Weeks later, the city was taking shape. Barracks were complete, walls were rising, and the forges were in full production. Celer, his face perpetually smudged with soot, his eyes bright with a creator's fire, summoned Alex to one of the new, massive armory workshops.
"It is ready, Caesar," he said, his voice filled with a craftsman's pride. He gestured to a long line of newly assembled weapons, each one resting on a wooden rack, gleaming with the dark, deadly sheen of fresh oil and Ignis Steel.
It was a Romanized, perfected version of the repeating crossbow, the polybolos. The original Greek and later Roman versions of the weapon had always been a novelty, too complex, too heavy, and too prone to breaking down to be of any real use in the field. But Celer, using his newfound mastery of geared mechanisms from the wagon project, and using the superior strength and precision-machining possibilities of Ignis Steel for the delicate internal components, had reinvented it.
The weapon he had created was a masterpiece of lethal engineering. It was still heavy, designed to be fired from a defensive position, but it could be operated by a single, well-trained soldier. A flat, ten-bolt magazine was inserted into the top. A hand-crank on the side drew back the powerful steel bowstring, dropped a bolt into the firing groove, and released the trigger in a single, fluid, circular motion.

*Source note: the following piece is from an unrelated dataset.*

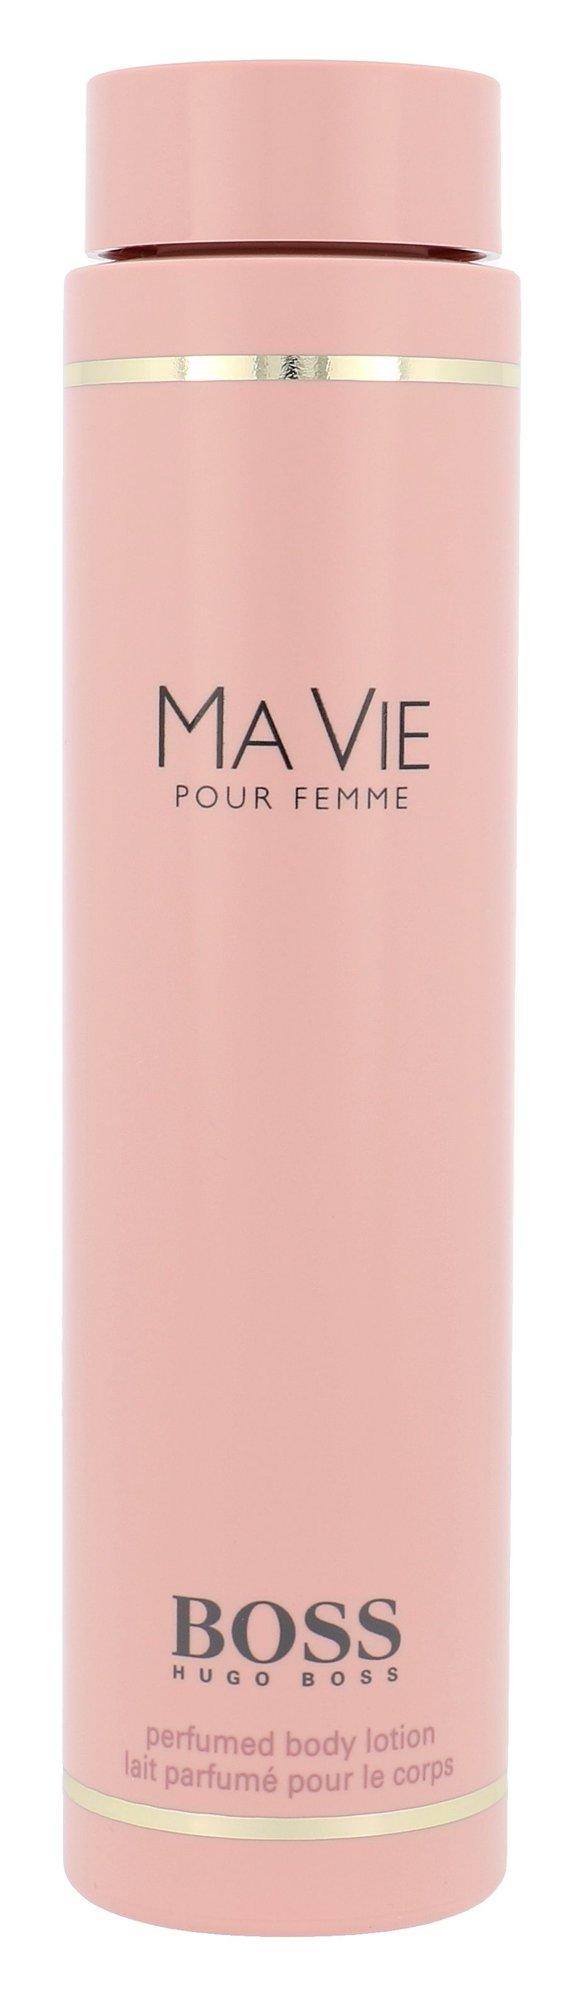 HUGO BOSS Boss Ma Vie Pour Femme, Tělové mléko 200ml

Celer gestured to a series of targets—man-shaped straw dummies with Parthian-style leather armor—set up at the far end of the workshop. "Demonstrate," he commanded a waiting legionary.
The soldier, a brawny man from the Artisan Legion, hefted the weapon and rested it on a wooden stand. He began to turn the crank. There was a smooth, satisfying sound of gears clicking, of steel sliding on oiled wood. Then, a sharp thwack. A heavy iron bolt shot across the workshop and slammed into the chest of the first target with a force that would have punched through any shield. The soldier did not stop. He kept turning the crank. Thwack. Thwack. Thwack. In less than thirty seconds, all ten bolts had been fired, each one striking a target with lethal accuracy up to a hundred yards.
Alex stared at the row of newly forged repeating crossbows, at the ten targets bristling with iron bolts. He had just witnessed the creation of the ancient world's equivalent of the machine gun. He now possessed the weapon that could break a cavalry charge. The weapon that could mow down a horde. The Forge of Vulcania had delivered its firstborn, and it was a creature of beautiful, terrible, and absolute death.